Python bindings for COSMolKit
Project description
COSMolKit Python
COSMolKit is a Python package for molecule graph workflows, SMILES/SDF IO, coordinate access, Morgan fingerprints, molecule depiction, and high-throughput batch processing.
Current Python documentation: https://kit.cosmol.org/
API Model: Copy-On-Write (COW) Molecule Values
COSMolKit's Python API uses copy-on-write (COW) value semantics for molecule
transforms. Methods such as with_hydrogens(), without_hydrogens(),
with_kekulized_bonds(), and with_2d_coords() return a new Molecule; they
do not mutate the original object in place.
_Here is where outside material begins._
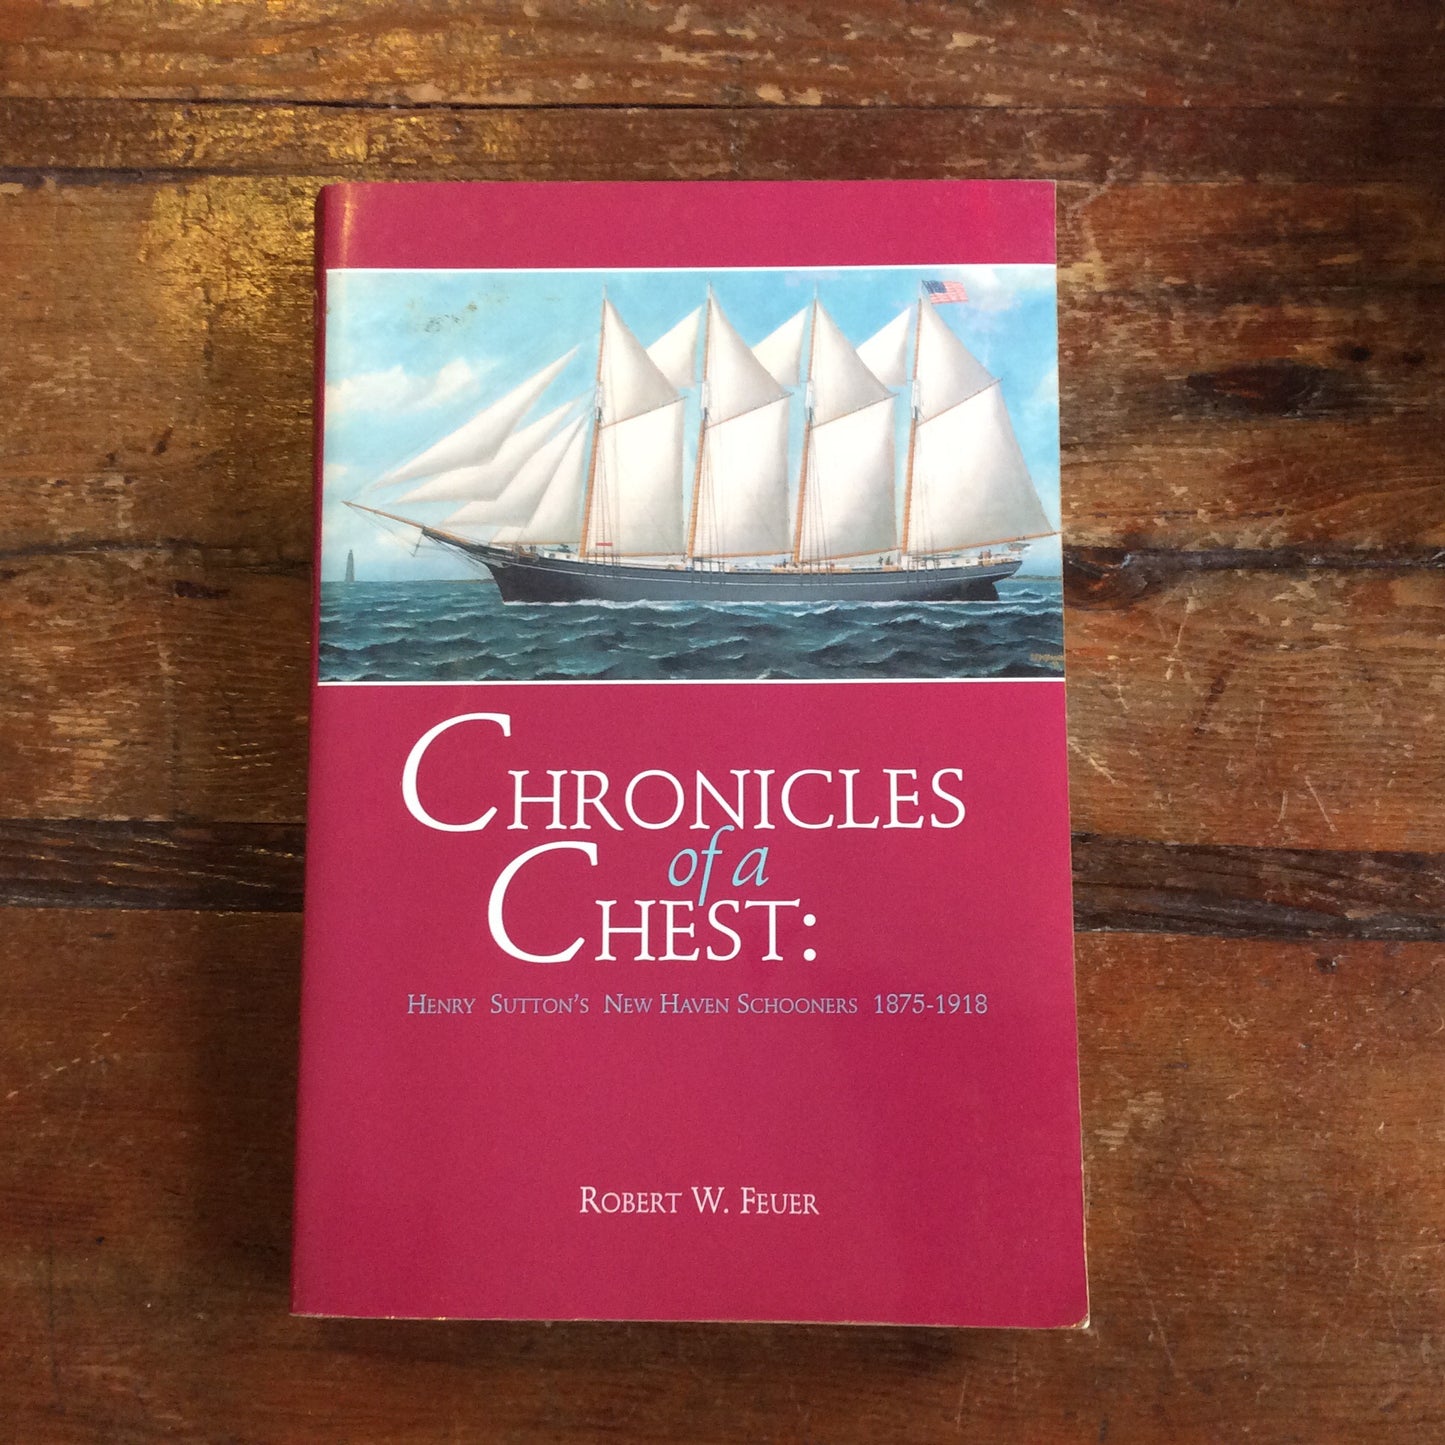 Book, "Chronicles of a Chest: Henry Sutton's New Haven Schooners 1875-1918" Signed copy

This is intentionally different from common RDKit Python workflows, where many
operations mutate an RWMol or update a molecule object directly. In COSMolKit,
keep the returned value:
mol = Molecule.from_smiles("CCO")
mol_h = mol.with_hydrogens()
assert mol is not mol_h
print(mol.to_smiles())
print(mol_h.to_smiles())
Installation
pip install cosmolkit
Quick Start
from cosmolkit import Molecule
mol = Molecule.from_smiles("c1ccccc1O")
drawn = mol.with_2d_coords()
print(mol.to_smiles())
print(drawn.atoms()[0])
drawn.write_png("phenol.png", width=400, height=300)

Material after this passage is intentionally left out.